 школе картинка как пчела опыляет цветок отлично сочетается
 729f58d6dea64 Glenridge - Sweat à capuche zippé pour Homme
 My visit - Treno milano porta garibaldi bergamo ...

==

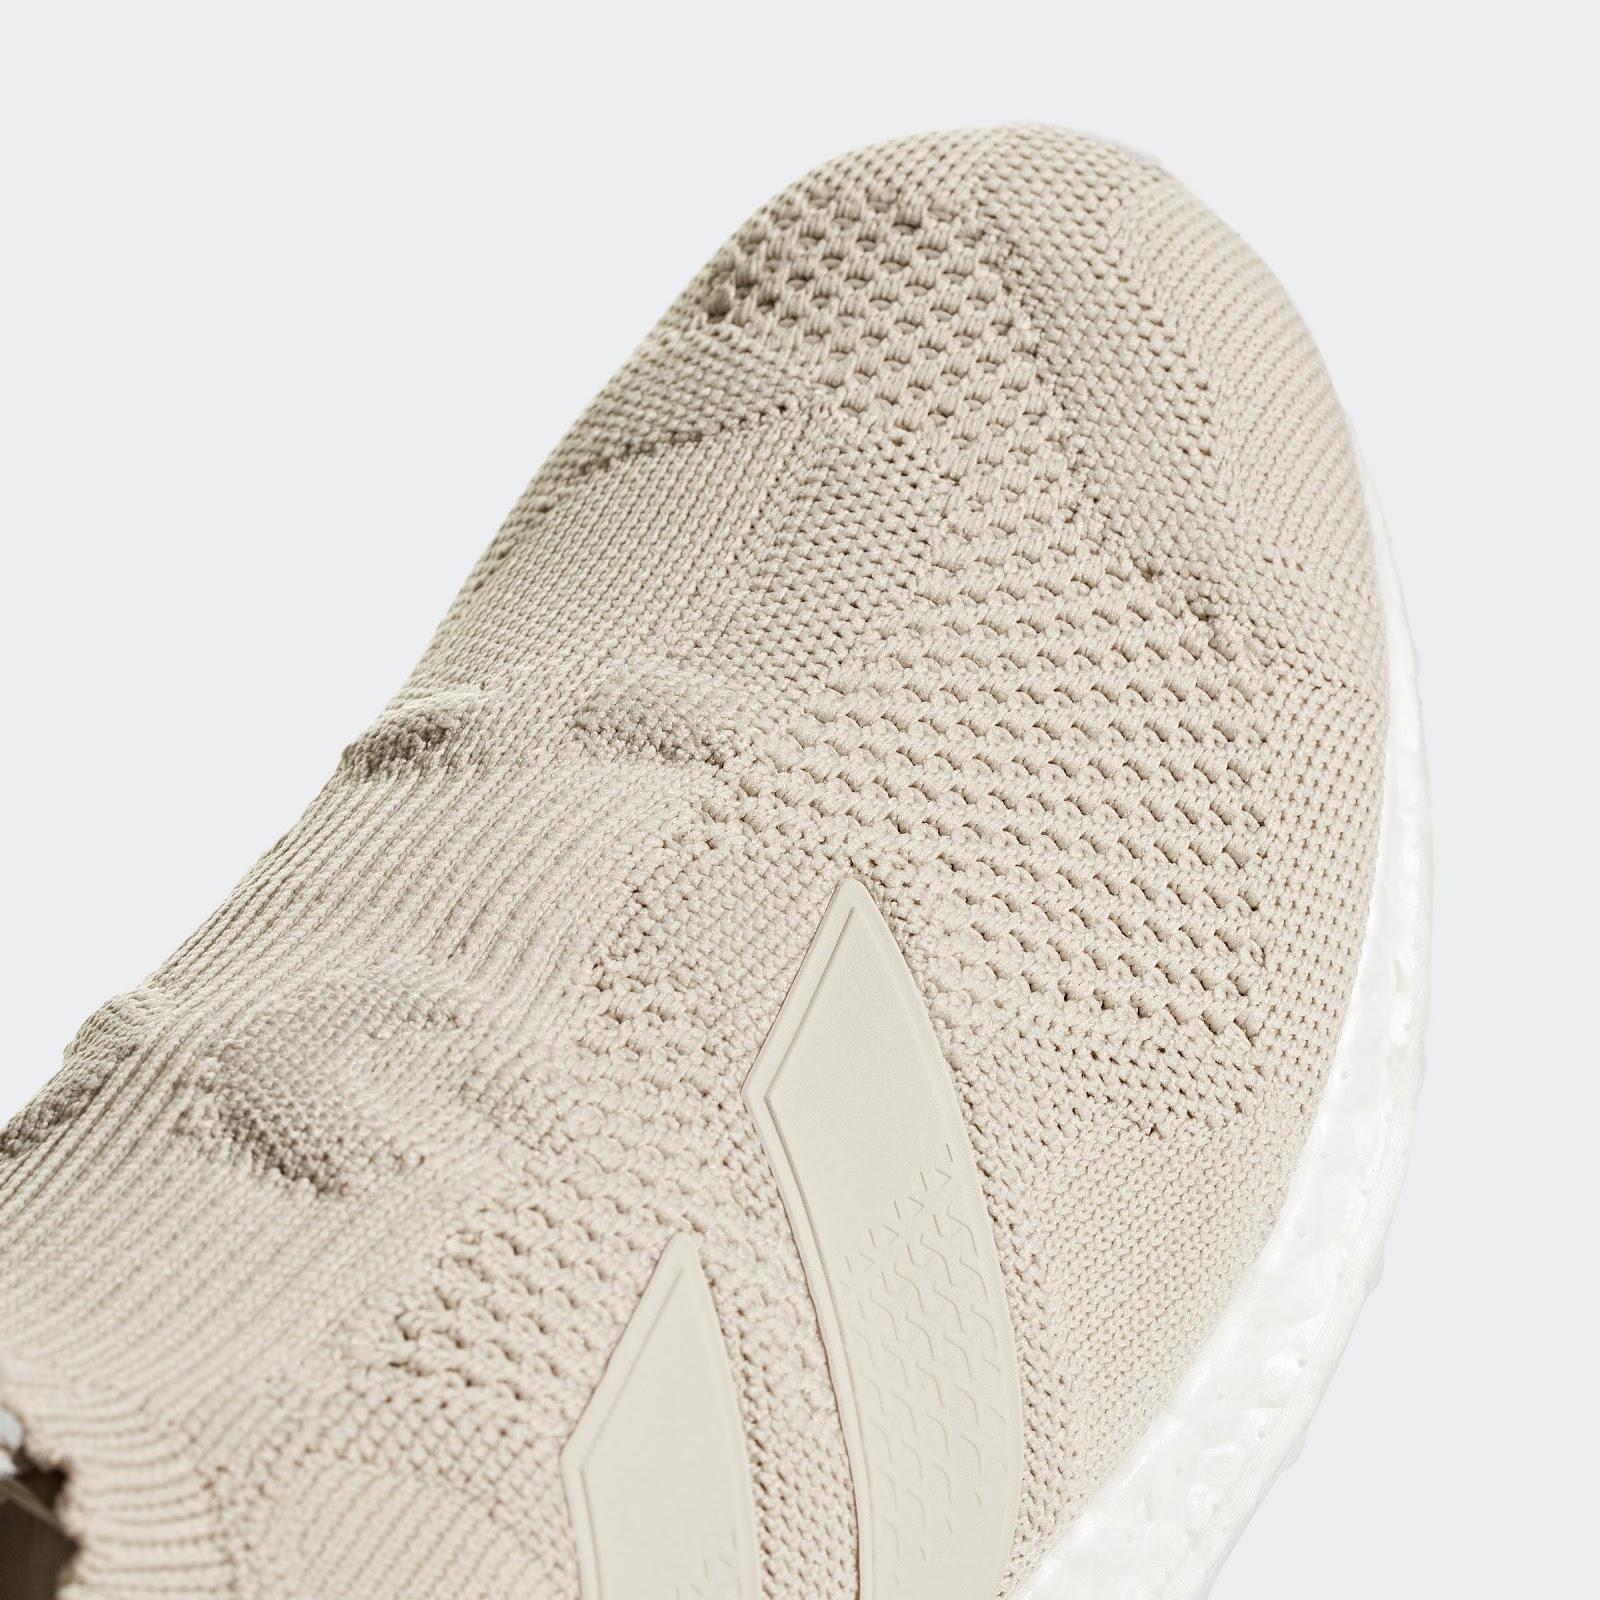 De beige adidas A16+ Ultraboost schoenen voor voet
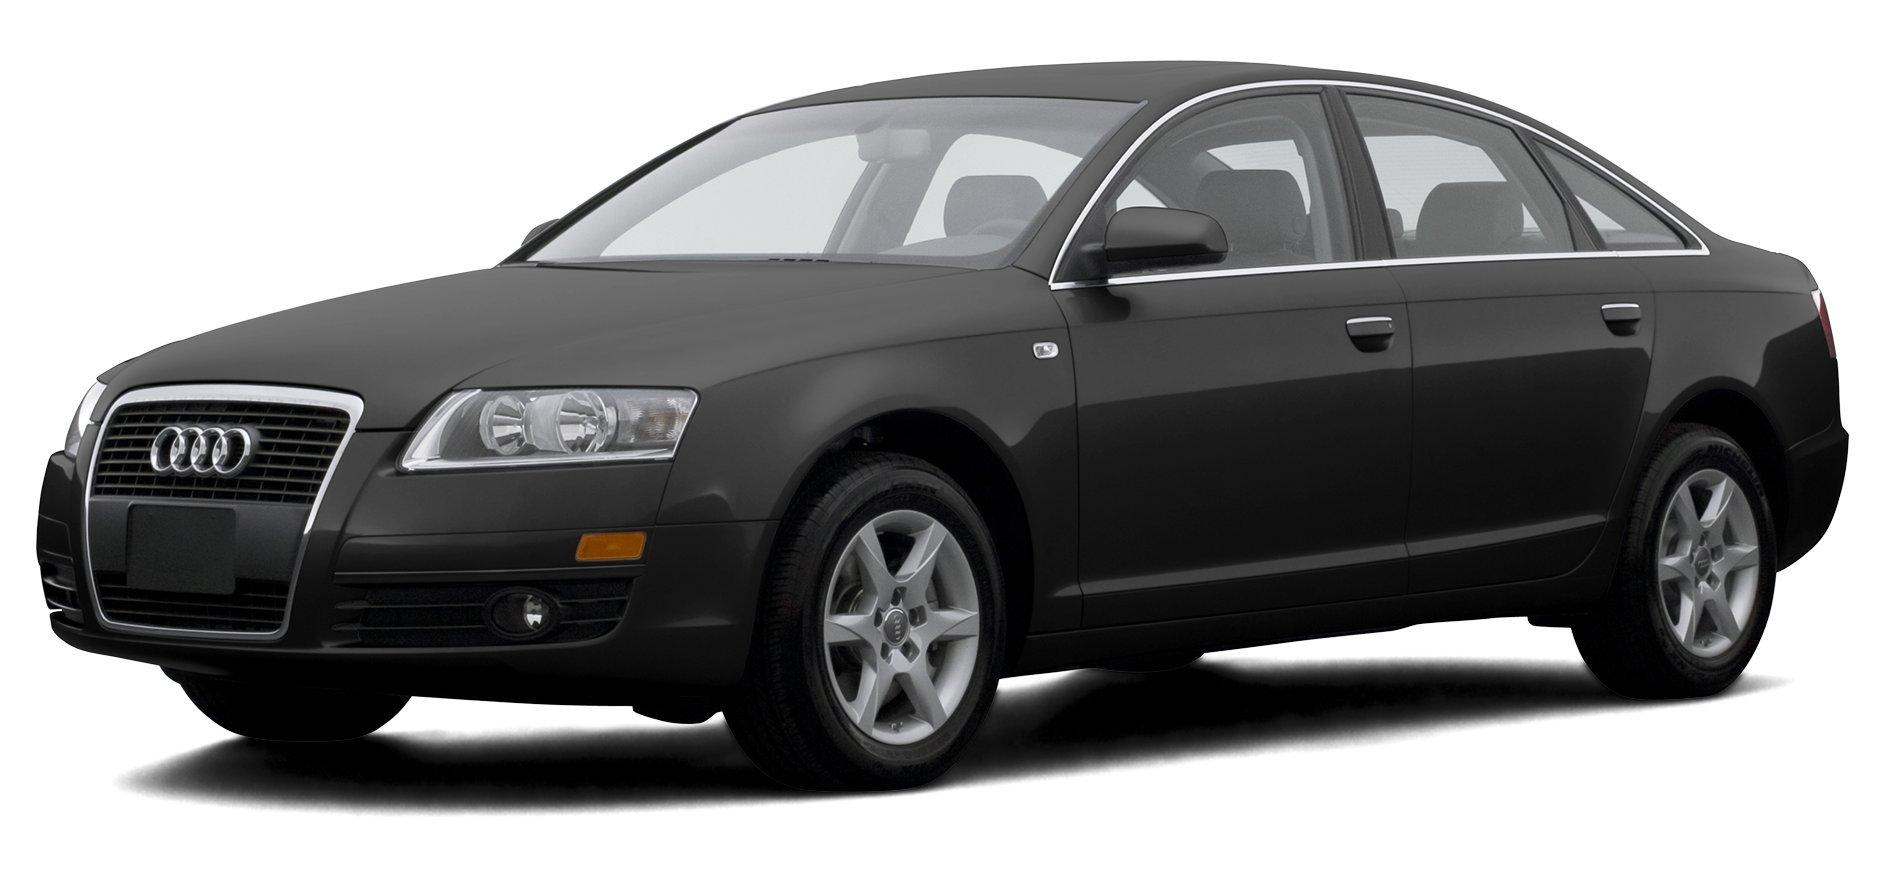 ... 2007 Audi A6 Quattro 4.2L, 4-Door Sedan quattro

---

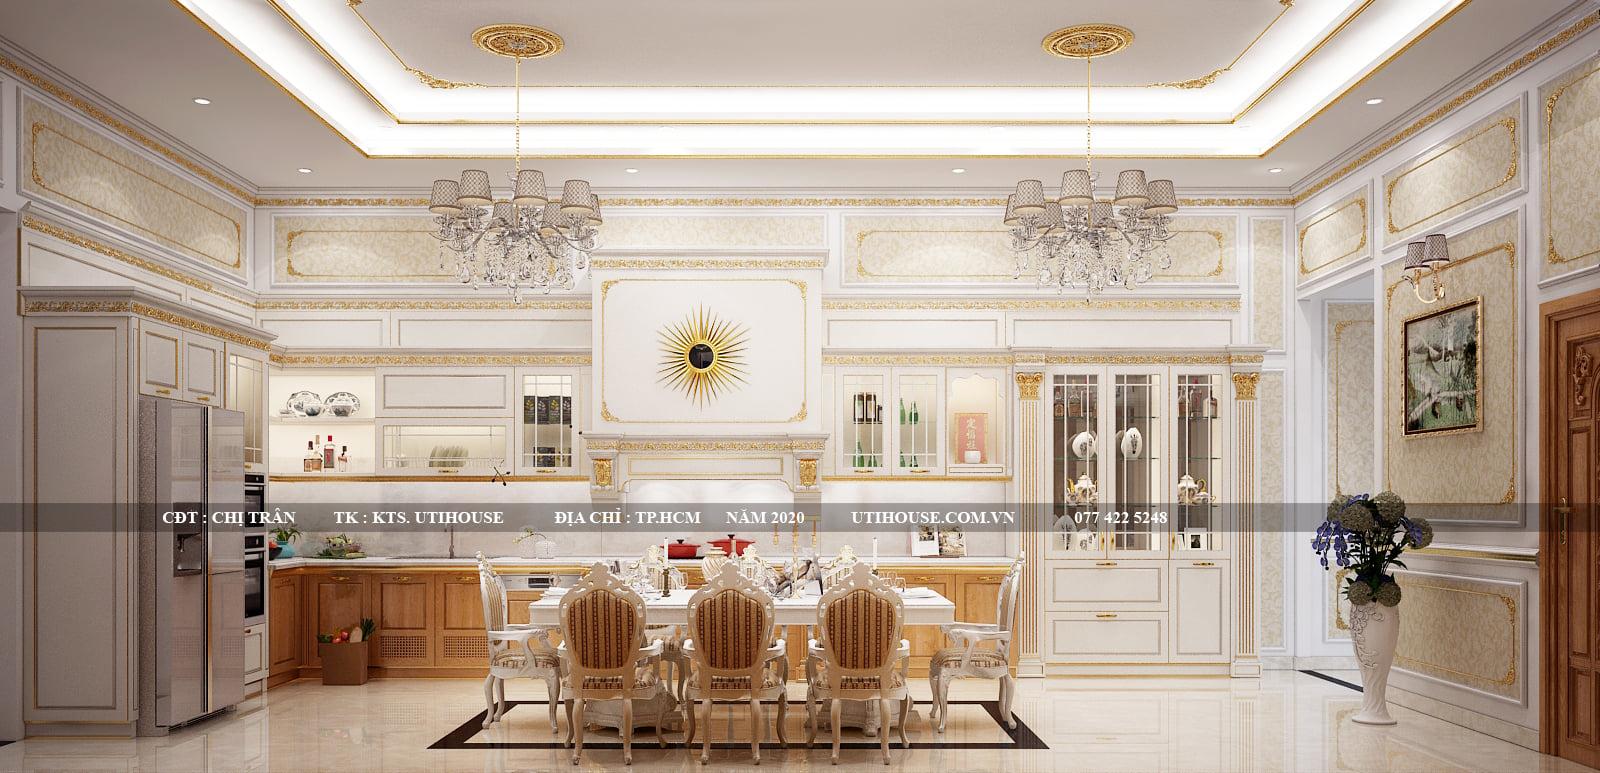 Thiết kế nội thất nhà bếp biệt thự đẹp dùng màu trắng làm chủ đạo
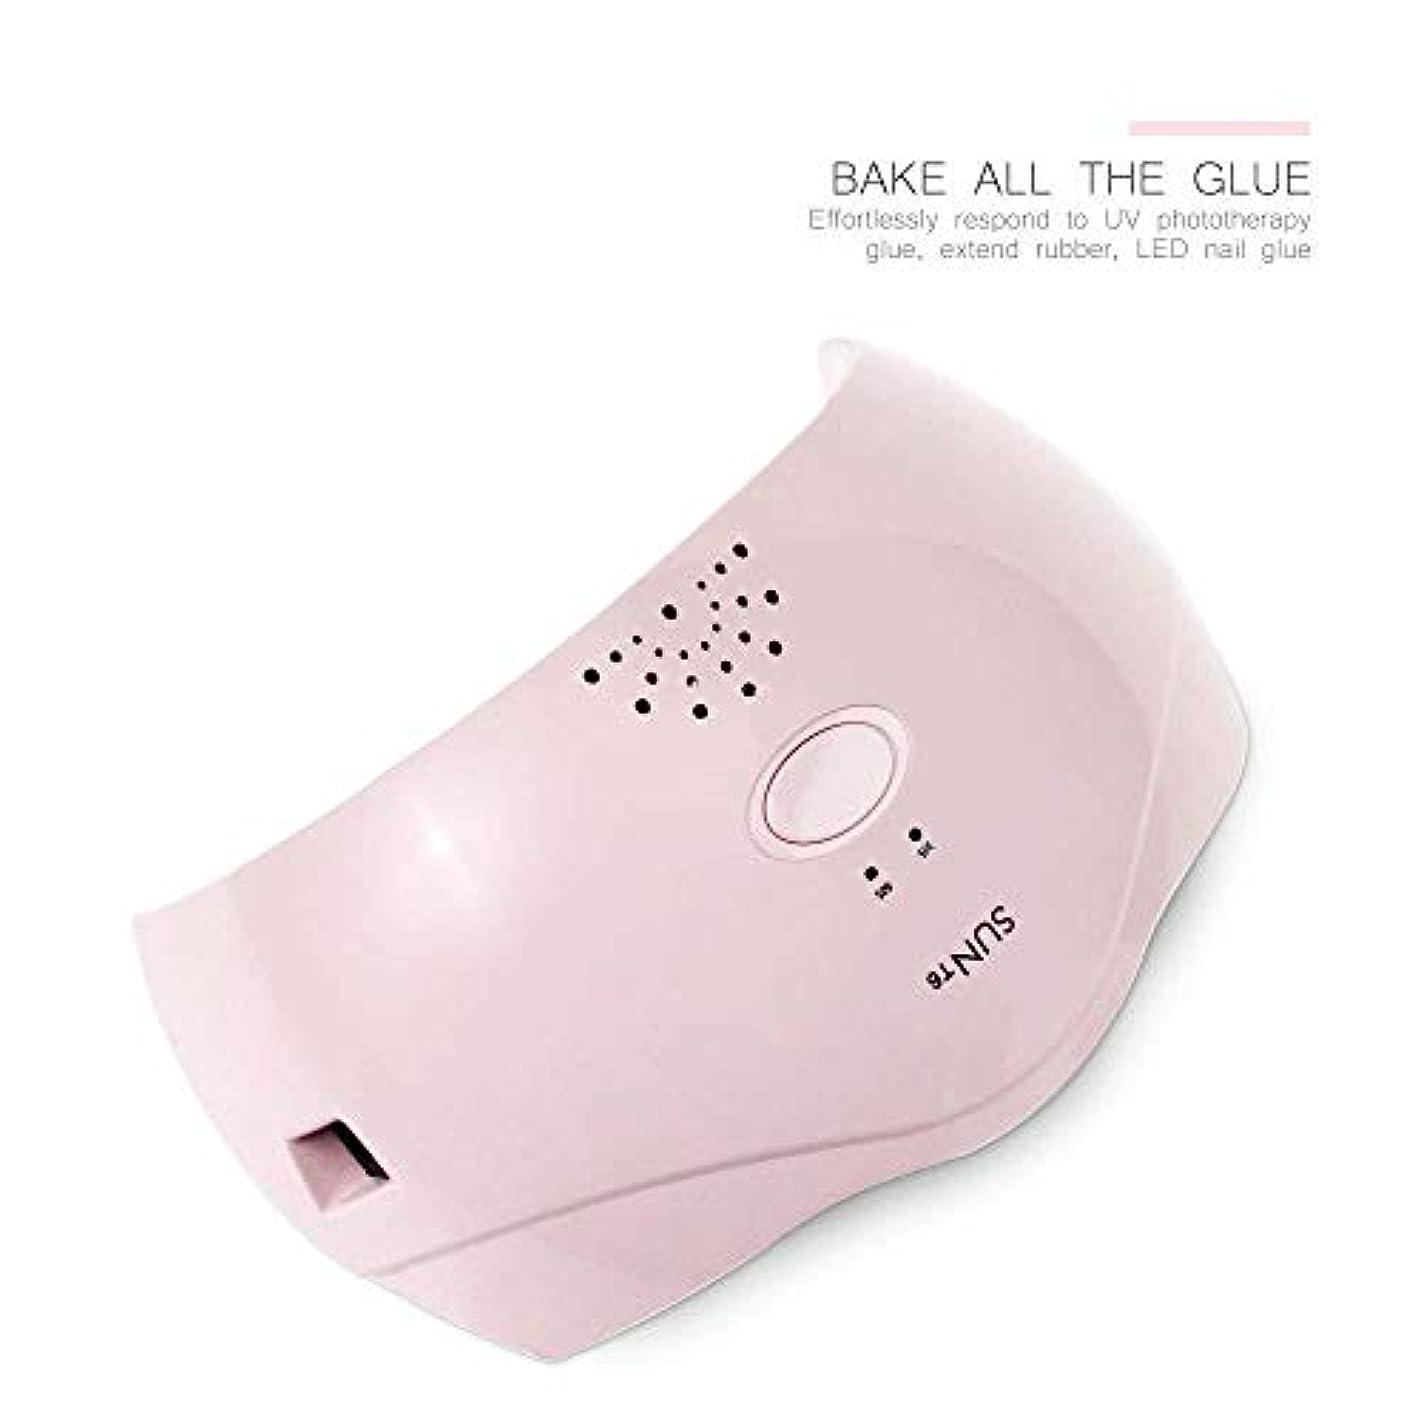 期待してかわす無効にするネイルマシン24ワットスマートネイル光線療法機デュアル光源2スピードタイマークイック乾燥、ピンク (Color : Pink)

**WORK TO BE COMPLETED**:
Among the lines above, repeat exactly those from the line with "школе картинка как" to the line with "My visit - Treno", counting both ends.

**SOLUTION TO THIS TASK**:
 школе картинка как пчела опыляет цветок отлично сочетается
 729f58d6dea64 Glenridge - Sweat à capuche zippé pour Homme
 My visit - Treno milano porta garibaldi bergamo ...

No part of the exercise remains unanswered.